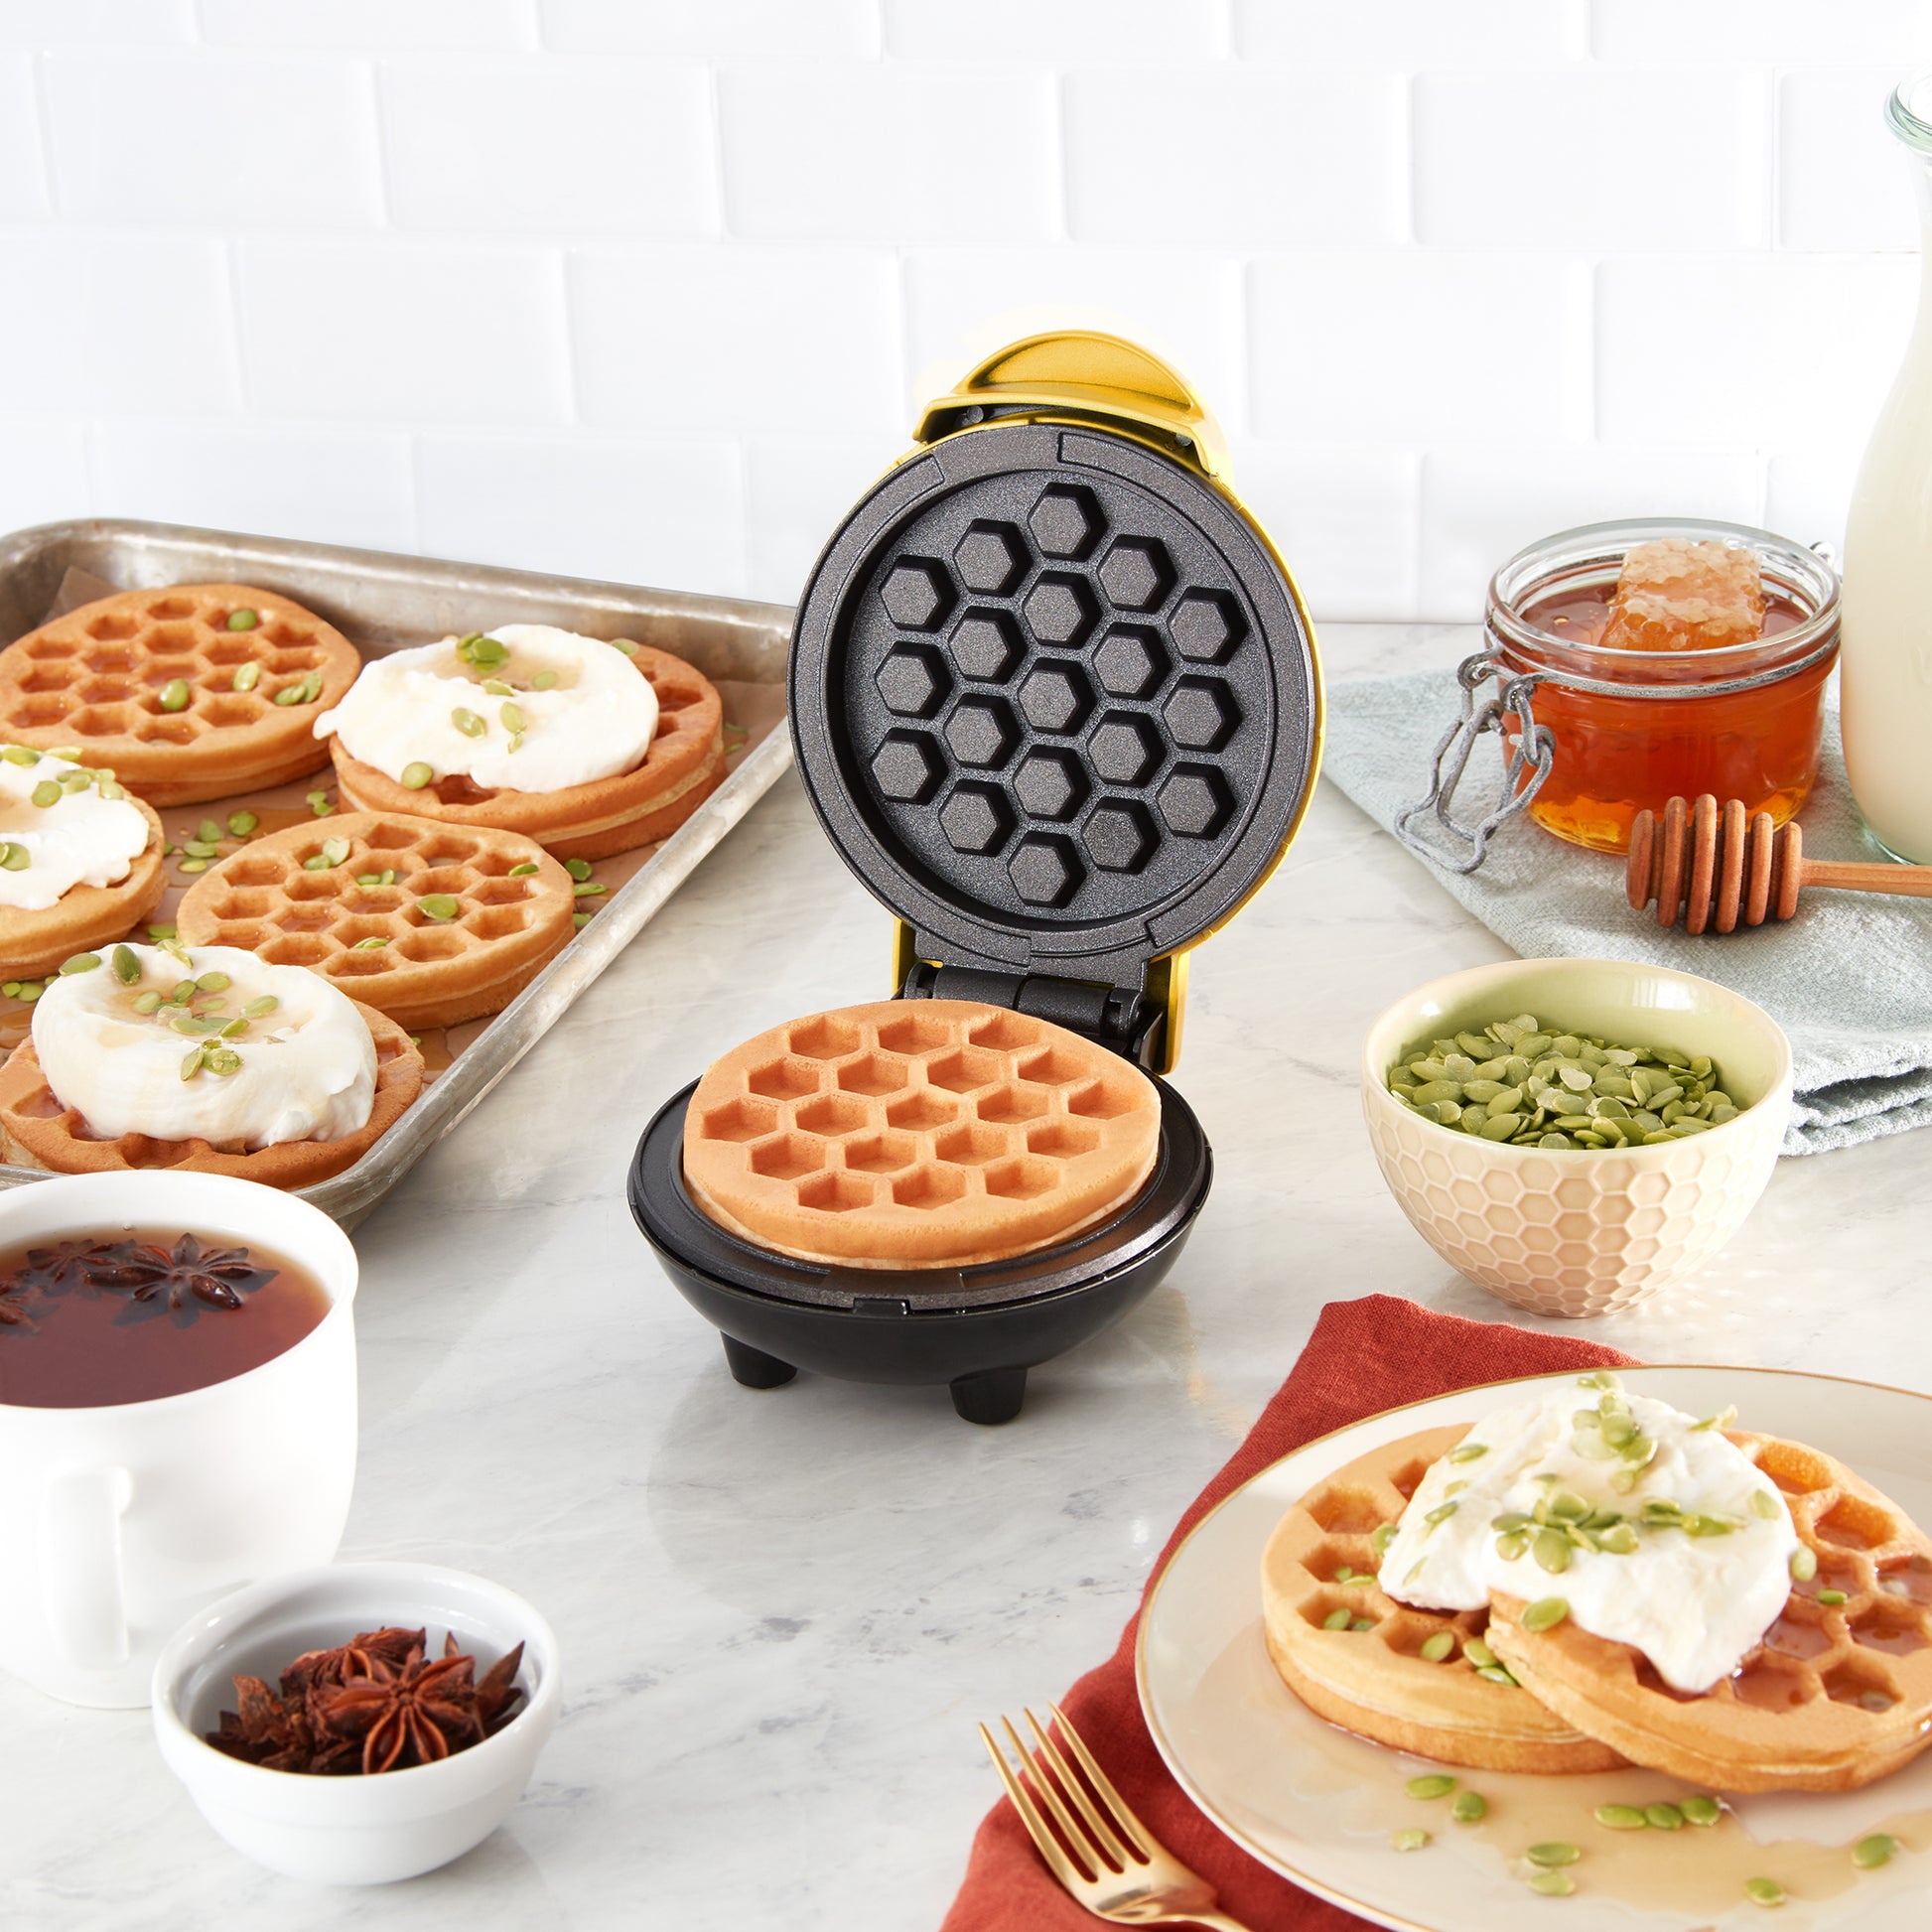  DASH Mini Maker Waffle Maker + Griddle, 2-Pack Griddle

####################

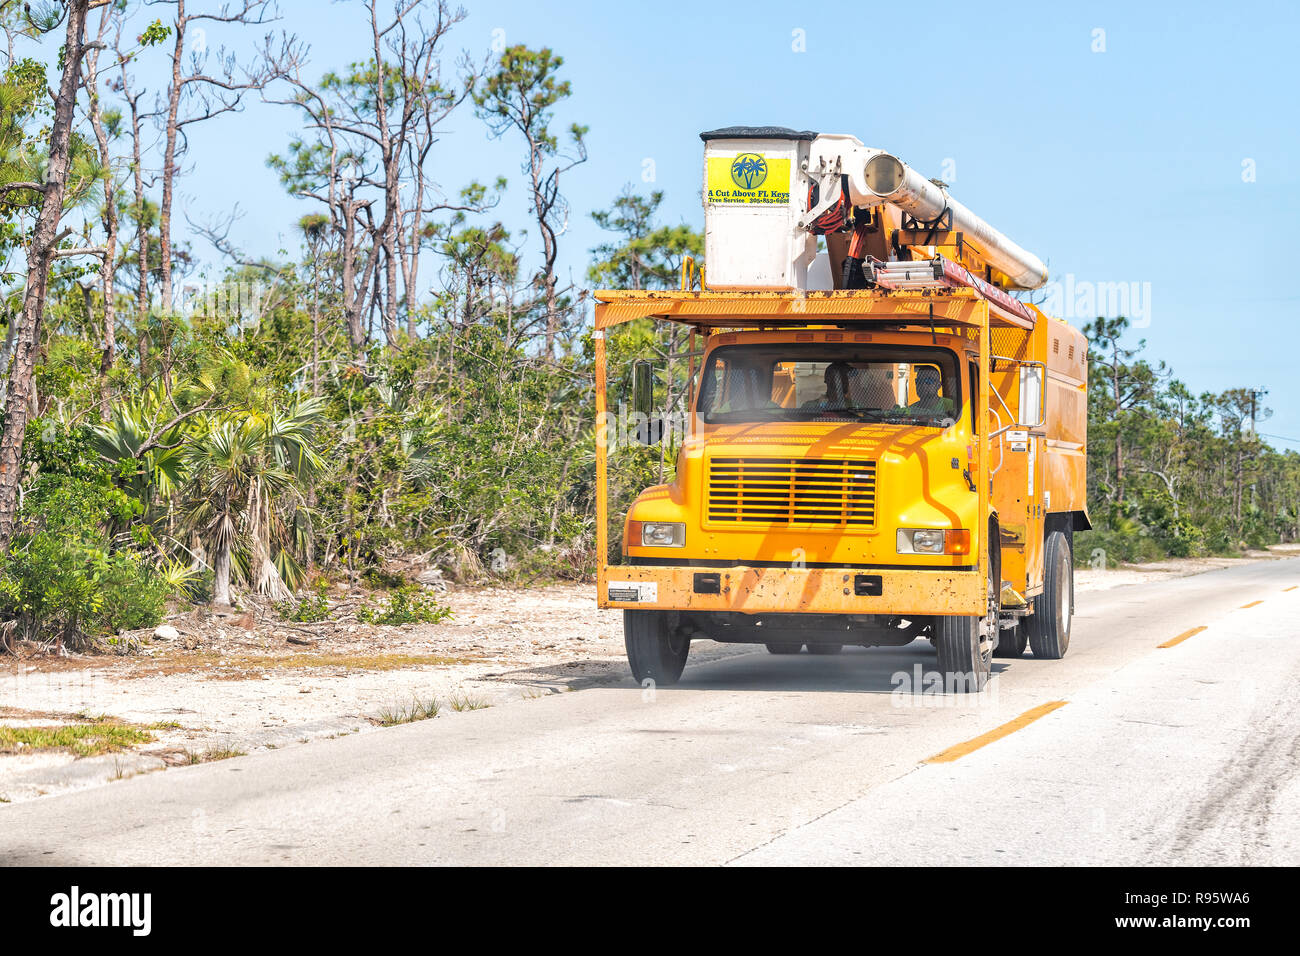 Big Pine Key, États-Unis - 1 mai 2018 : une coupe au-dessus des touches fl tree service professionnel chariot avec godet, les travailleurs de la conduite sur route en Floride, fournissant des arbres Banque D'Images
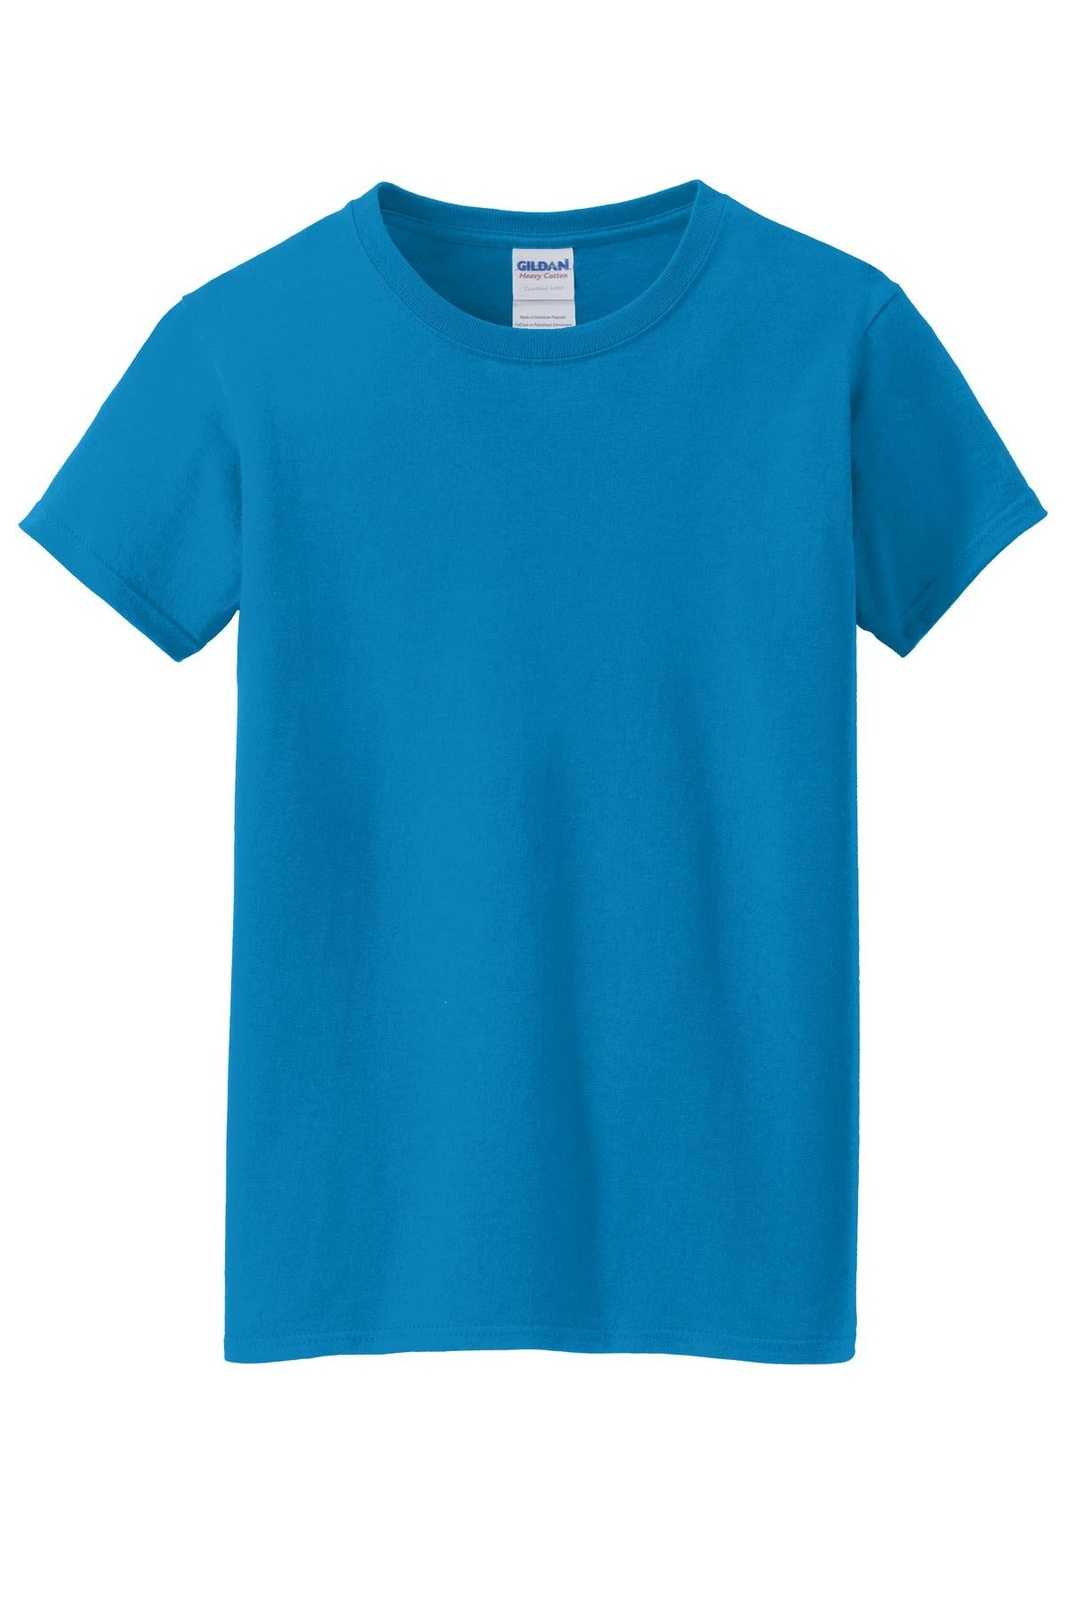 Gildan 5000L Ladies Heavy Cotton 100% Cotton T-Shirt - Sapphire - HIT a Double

####################

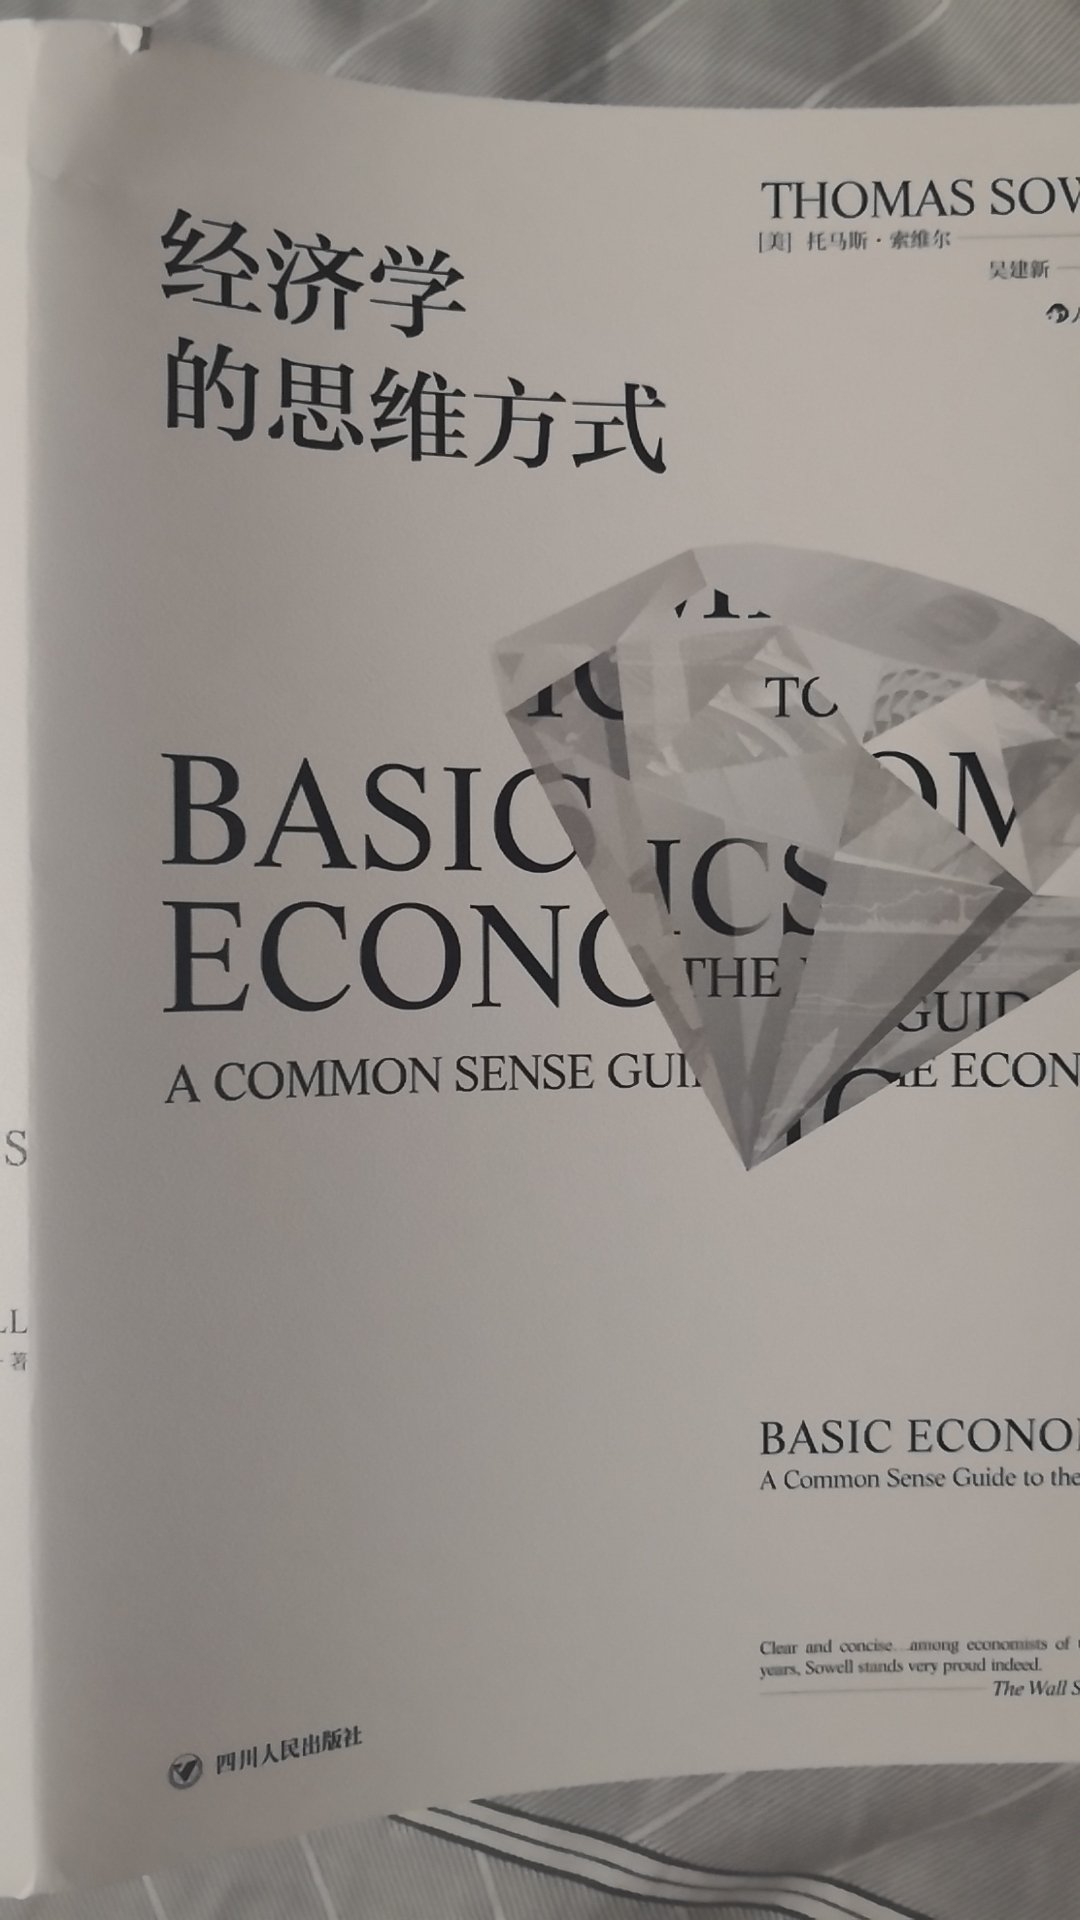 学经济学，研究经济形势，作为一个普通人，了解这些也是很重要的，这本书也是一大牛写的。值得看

####################

» **Task requirements**: The answer is those lines of the material above that run from the one containing "Big Pine Key, États-Unis" up to and including the one containing "Gildan 5000L Ladies", restated exactly and without images.

» **Result**:
 Big Pine Key, États-Unis - 1 mai 2018 : une coupe au-dessus des touches fl tree service professionnel chariot avec godet, les travailleurs de la conduite sur route en Floride, fournissant des arbres Banque D'Images
 Gildan 5000L Ladies Heavy Cotton 100% Cotton T-Shirt - Sapphire - HIT a Double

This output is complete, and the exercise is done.